Analyses of publicly available datasets

Analysis of gene and protein expression in HNSCC cases was performed using publicly available data from the following resources: TCGA (https://portal.gdc.cancer.gov/repository) (8,19), Clinical Proteomic Tumor Analysis Consortium (NCI/NIH) (CPTAC, https://cptac-data-portal.georgetown.edu) (20,21), DepMap Public 20Q2 release (https://depmap.org/portal/) (22), Project Achilles (23,24), and the Gene Expression Omnibus (GEO; GSE40774 (25) and GSE117973). Further analysis details are in the supplementary methods.

Statistical Analysis

Cell viability was analyzed by multiple linear regression of TNFα addition and log-transformed concentration of AZD1775 to determine statistical significance. Multiple regression permits the simultaneous handling of many variables to isolate the effect of each factor adjusted for the presence of the remainder. The analyses and data visualization were conducted in R. The Bliss synergy analysis and synergy score was calculated using SynergyFinder (26). Kaplan-Meier survival curves comparing PFS and OS for patients based on high versus low expression of the genes from the WEE1 and NFκB axis. The patients were dichotomized into high and low expression groups for each of these genes. The survminer R package was used to find the optimal cut-point that corresponds to the most significant relation with survival. Patient overall survival data were downloaded from Firehose at the Broad Institute (https://confluence.broadinstitute.org/display/GDAC/Home/). Patient progression-free survival data were downloaded from Supplement Information of a pan-cancer clinical study (27). The clinical survival endpoints for patients were progression-free survival (PFS), and overall survival (OS). PFS is the time from the date of diagnosis until tumor progression or death, whichever occurs first. OS is the period from the date of diagnosis until the date of death from any cause. The PFS and OS curves were obtained using Kaplan-Meier method and were compared using the log-rank test. The Cox proportional hazards model was used to estimate Hazard Ratios (HRs) with 95% Confidence Intervals (CIs).

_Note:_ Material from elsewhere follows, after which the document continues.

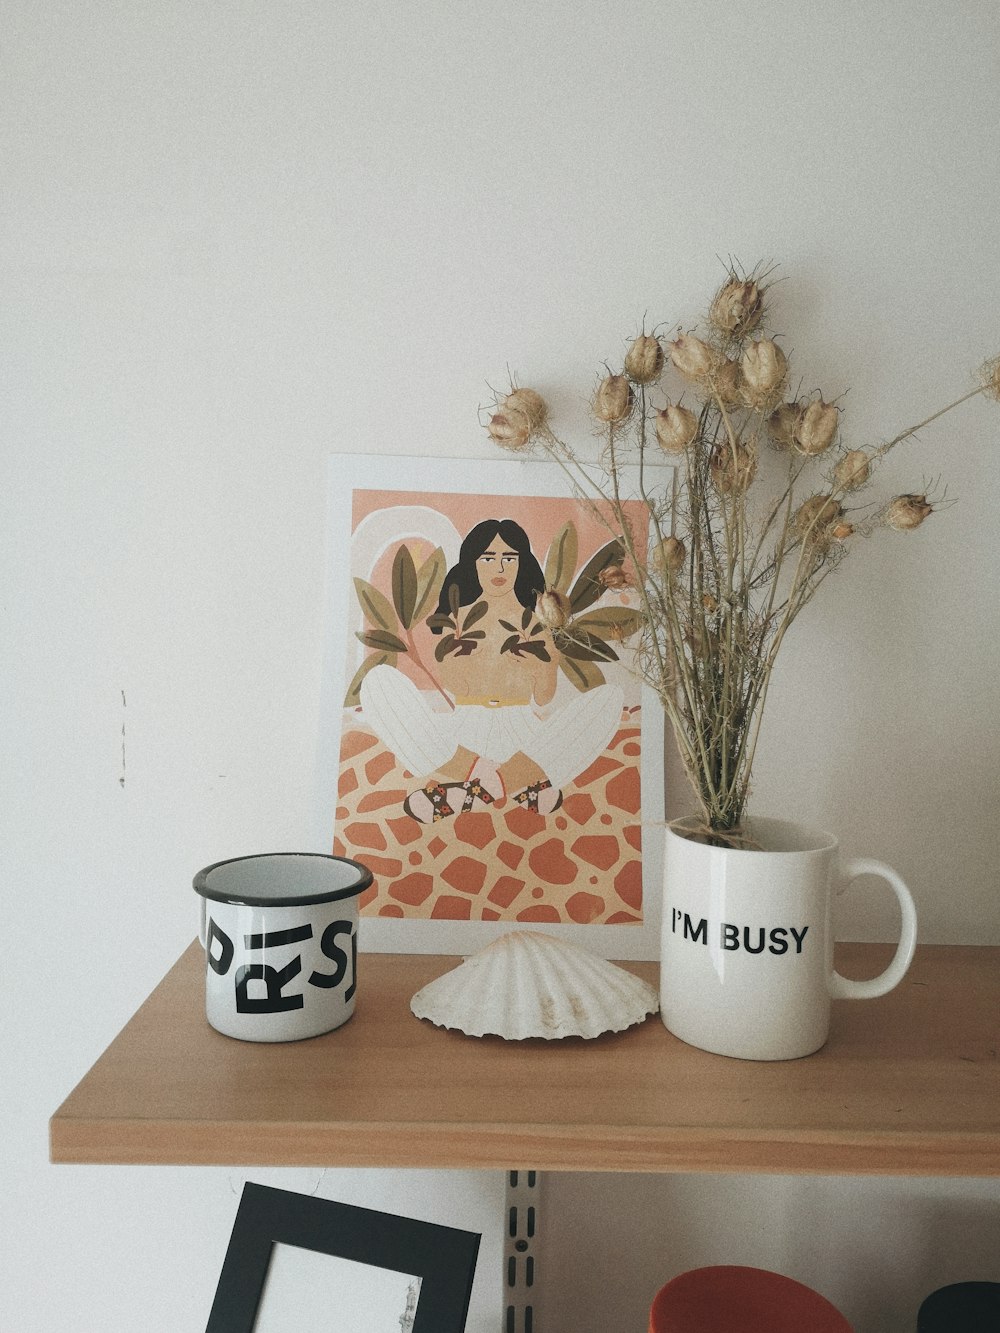 Una foto di una donna e una tazza di caffè su uno scaffale

For differential gene expression analysis between normal and tumor tissue, and HPV− and HPV+ tumor tissue, Wilcoxon sum rank test was used to assess statistical significance. All graphs were prepared using the GraphPad Prism (GraphPad, USA) or R software (28) version 4.0.2. Error bars represent mean ± the standard error. Statistical significance was determined as follows: NS = not significant, *p<0.05, **p<0.01, ***p<0.001.

Additional methods for Western blot, siRNA experiments, cell cycle analysis, Annexin V assay, impedance assay, XTT viability assay and colony formation assay are presented in the Supplemental Materials and Methods.

Results

RNAi screening identifies G2/M checkpoint kinases as modulators of TNFα-induced NF-κB activity and survival in HNSCC.

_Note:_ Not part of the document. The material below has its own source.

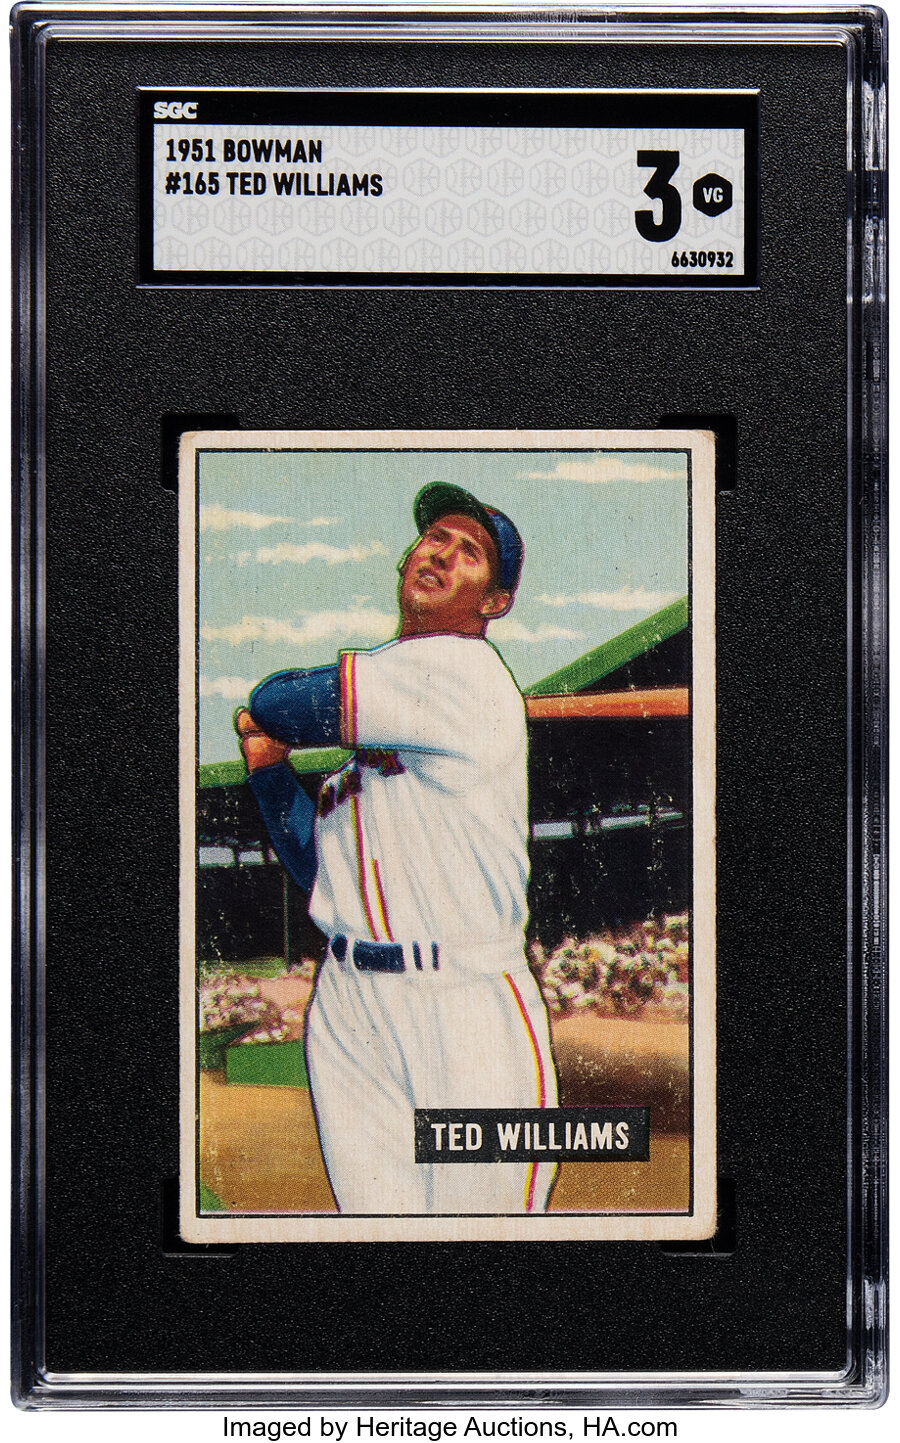 1951 Bowman Ted Williams #165 SGC VG 3

HPV(−) HNSCC have poorer prognosis, and we have previously shown that HPV(−) HNSCC cell line resistance to TNFα is promoted by IKK-NF-κB (29). In order to investigate the mechanism(s) driving TNFα-dependent NF-κB signaling and TNFα resistance in HNSCC, we established UMSCC1κB, which is an HPV− HNSCC cell line (UMSCC1) stably expressing an NF-κB response element-β-lactamase reporter gene, to enable detection of NF-κB activity normalized for cell viability by flow cytometry or spectrophotometry (Supplementary Figure 1). Using this cell line, we performed an RNAi screen using libraries targeting the human kinome and druggable genome, to identify potential regulators of the NF-κB pathway and cell survival (16). Supporting the veracity of this assay, the top hits identified included components of the IKK/NF-κB pathway (e.g. CHUK (IKKα), IKBKB (IKKβ) and RELA; Figure 1A and B). Unexpectedly, we also found that depletion of key regulators of the G2/M checkpoint, namely WEE1 and CDC2, also significantly inhibited NF-κB activity and cell viability (Figure 1A and B). Similar effects were observed with depletion of the same components queried in replicate kinome and the druggable genome screens.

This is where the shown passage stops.